> [Data excerpt]:
* * * *
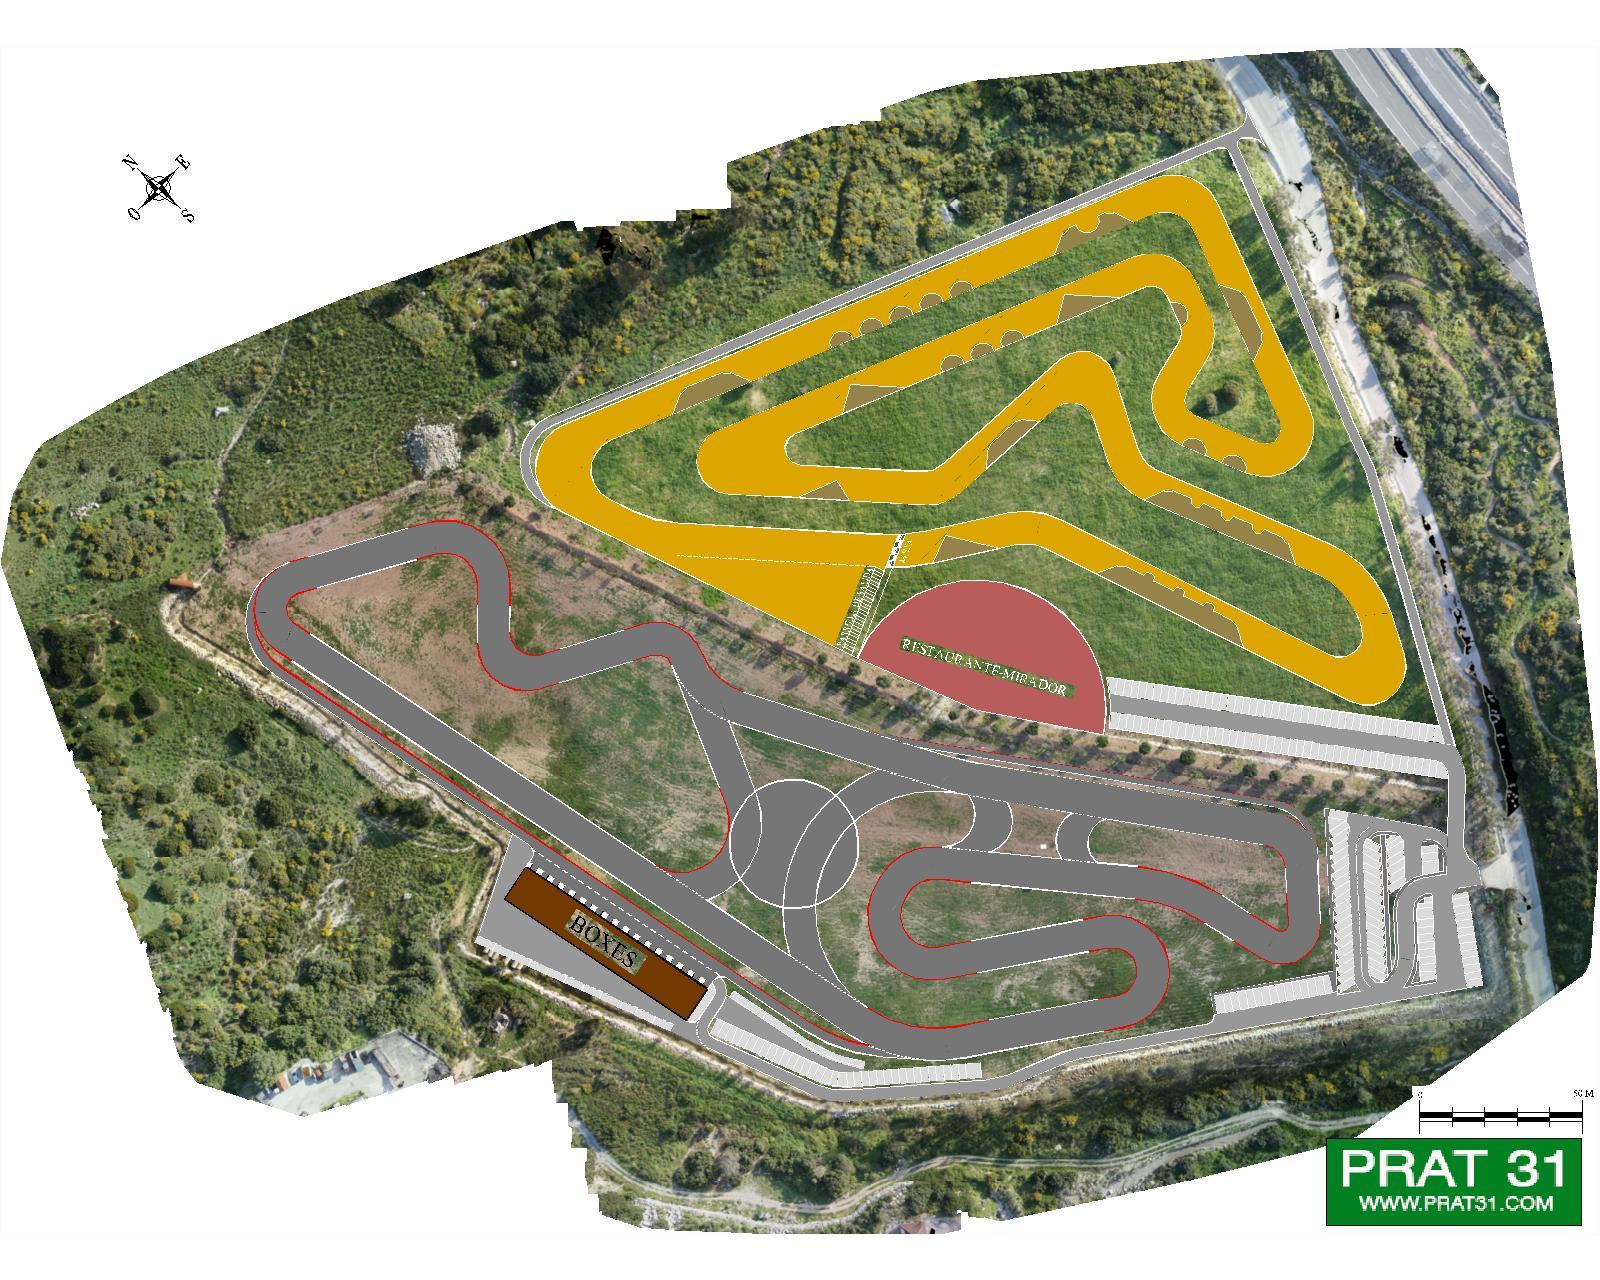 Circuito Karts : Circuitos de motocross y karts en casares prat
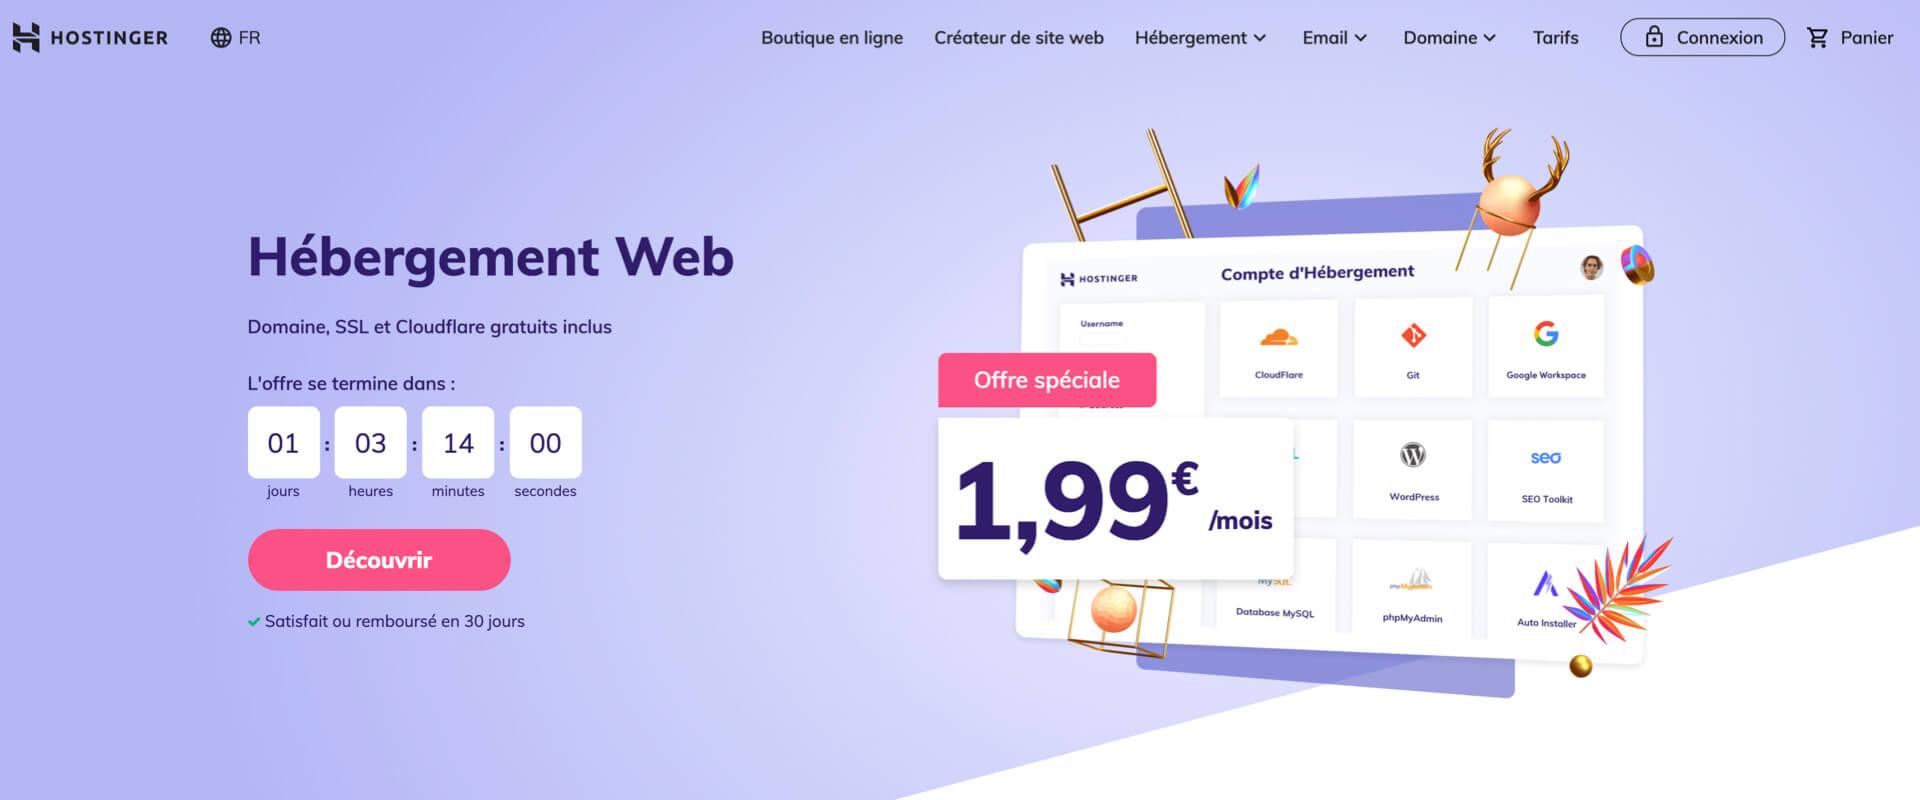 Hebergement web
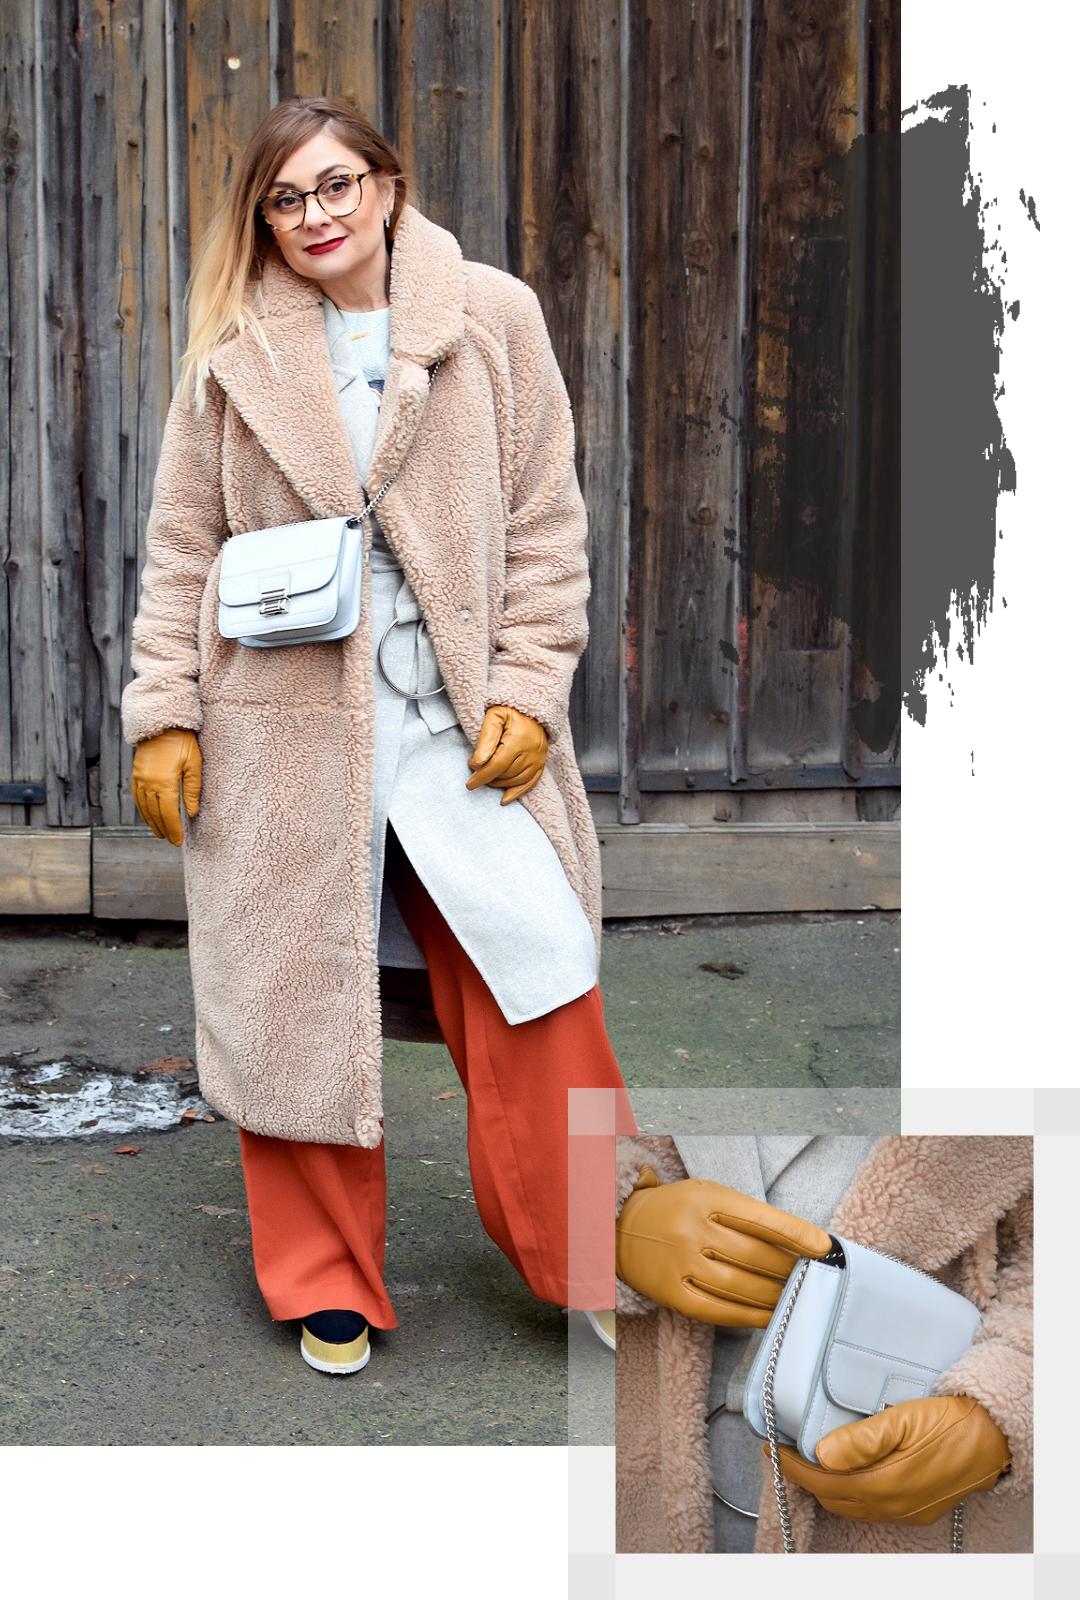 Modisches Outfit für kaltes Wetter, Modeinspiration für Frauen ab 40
* * * *
> [Task goal]: The job is to return the listing above exactly, minus its pictures.

> [Solution]:
 Circuito Karts : Circuitos de motocross y karts en casares prat
 Hebergement web
 Modisches Outfit für kaltes Wetter, Modeinspiration für Frauen ab 40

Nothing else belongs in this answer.